Jährliche Dividendenentwicklung

Jährliche Dividendenentwicklung Janus Henderson
Quelle: justETF Research, Janus Henderson; Stand: 26.03.2024
 Mythos Nr. 6 hält einer Überprüfung zumindest zum Teil stand.

Mythos 7: Dividendenaktien bieten einen effektiven Schutz vor Inflation

Kommen wir zum letzten Mythos. Dieser besagt, dass Dividendenaktien einen effektiven Schutz vor Inflation böten.
Was ist dran am Mythos?
Blicken wir in die Vergangenheit, so fällt klar auf: Aktien – egal ob mit oder ohne Dividende – bieten kurzfristig keinen effektiven Schutz vor Inflation. So verlor der Weltaktienmarkt (gemessen am MSCI ACWI IMI) im Jahr 2022, als die Inflation in der EU und den USA deutlich stieg, 12,42%. Von Inflationsschutz kann hier – zumindest kurzfristig – keine Rede sein.
Langfristig jedoch schaffen es Aktiengesellschaften durchaus, die Inflation zu schlagen. Präziser formuliert: Die meisten Unternehmen können die gestiegenen Kosten durch Inflation über die Zeit weiterreichen. Wenn Unternehmen das nicht tun würden, hätten sie über kurz oder lang Probleme zu überleben. Daher kann man sagen, dass es vielen Unternehmen gelingt, mittel- bis langfristig inflationäre Phasen erfolgreich zu meistern und ihre Gewinne – und damit auch die Dividenden – entsprechend zu steigern. Wichtig hierbei ist selbstverständlich auch, breit zu streuen. Denn einzelne Unternehmen werden auch zukünftig durch solche Phasen in Schieflage geraten.
 Mythos Nr. 7 hält einer Überprüfung zumindest zum Teil stand.

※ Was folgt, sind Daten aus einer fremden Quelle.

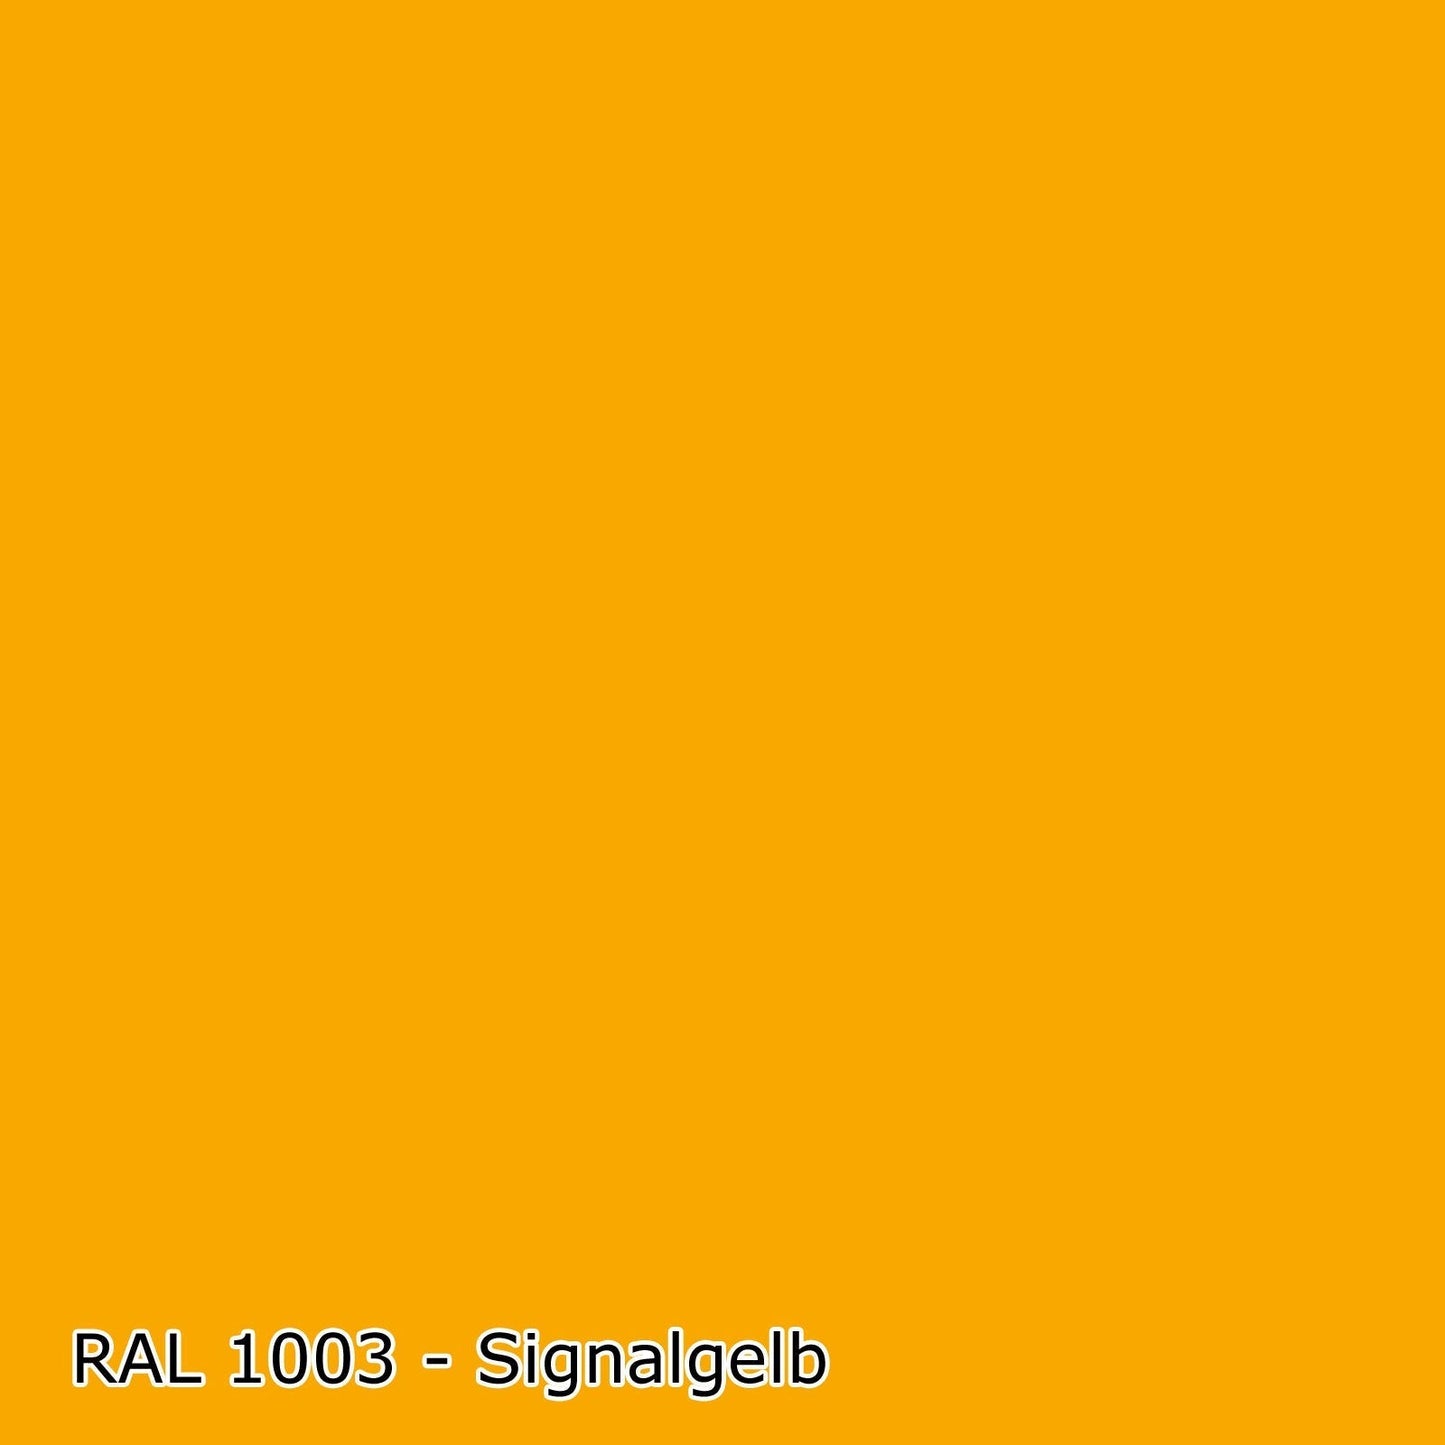 1 L Buntlack auf Wasserbasis, RAL Farbwahl - MATT (RAL 1000 - 6007)

Fazit: Dividenden-Mythen enttarnt

Was zeigt uns der Blick auf die 7 Dividenden-Mythen? Die meisten von ihnen erweisen sich bei genauerem Hinsehen als genau das – ein Mythos. Andere schaffen es zumindest zum Teil, die Erwartungen zu erfüllen.
Nicht ganz außer Acht gelassen werden sollte freilich auch der psychologische Aspekt von Dividenden. Wenn regelmäßige Ausschüttungen beispielsweise dabei helfen, langfristig dabei zu bleiben, können ausschüttende ETFs bzw. Dividenden-ETFs eine sinnvolle Alternative darstellen. Es sollte nur nicht der Denkfehler begangen werden, Dividenden wären grundsätzlich renditefördernd gegenüber “marktneutralem” Investieren, beispielsweise in Standard-Indizes wie den MSCI World oder FTSE Developed.
Wir hoffen, dir mit diesem Artikel ein bisschen weitergeholfen zu haben und für dich einige der beliebtesten Dividenden-Mythen enttarnt zu haben.